MIT-LCP / eicu-code

Code and website related to the eICU Collaborative Research Database
https://eicu-crd.mit.edu
MIT License
307 stars 212 forks source link

Issue with Misclassification of diagnosisstrings? #239

Open vanessailana opened 6 months ago

vanessailana commented 6 months ago

Hello,

I was working with this dataset and noticed that some codes appear to be misclassified.

For example, the diagnosis string "cardiovascular chest pain / ASHD coronary artery disease / other biological bypass graft" is assigned to I25.810. This code represents "Atherosclerosis of coronary artery bypass graft(s) without angina pectoris"
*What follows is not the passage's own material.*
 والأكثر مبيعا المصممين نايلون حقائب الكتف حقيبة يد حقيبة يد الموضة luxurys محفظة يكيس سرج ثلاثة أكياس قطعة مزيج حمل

However, I am wondering if I25.73, which seems similar, is actually more appropriate, as the definition of this code is "Atherosclerosis of nonautologous biological coronary artery bypass graft(s) with angina pectoris"

Could there be an issue with misclassification?
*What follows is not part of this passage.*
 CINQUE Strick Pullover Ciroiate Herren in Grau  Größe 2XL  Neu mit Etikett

obadawi commented 6 months ago

One thing to keep in mind is that the diagnosis strings are not ICD 9 or 10 diagnoses. They were custom made and the codes you see were generated by a mapping of the custom strings to their ICD counterparts. It's possible there are errors or gray areas in the mappings but I believe they are fairly accurate.

On Wed, Feb 14, 2024, 17:10 vanessailana @.***> wrote:

Hello,

I was working with this dataset, and it appears that some codes are misclassified.

For example, the code for "cardiovascular | chest pain / ASHD | coronary artery disease | of other biological bypass graft" is given as I25.810. This code represents "Atherosclerosis of nonautologous biological coronary artery bypass graft(s) with angina pectoris."

However, I wonder if I25.73 is also similar to I25.810, "Atherosclerosis of nonautologous biological coronary artery bypass graft(s) with angina pectoris."

Could there be a problem with misclassification?

— Reply to this email directly, view it on GitHub https://github.com/MIT-LCP/eicu-code/issues/239, or unsubscribe https://github.com/notifications/unsubscribe-auth/AD6USVFDEF5KNRQQ2AFRSU3YTUY7FAVCNFSM6AAAAABDJGOPQOVHI2DSMVQWIX3LMV43ASLTON2WKOZSGEZTKMRYGQZTKMQ . You are receiving this because you are subscribed to this thread.Message ID: @.***>

vanessailana commented 6 months ago

How are these mappings generated to the custom strings ? Is there a paper that I can refer to to understand how these mappings were derived? I was looking at https://github.com/MIT-LCP/eicu-code/blob/main/notebooks/diagnosis.ipynb. This repo it says that diagnosisstring is the problem documented.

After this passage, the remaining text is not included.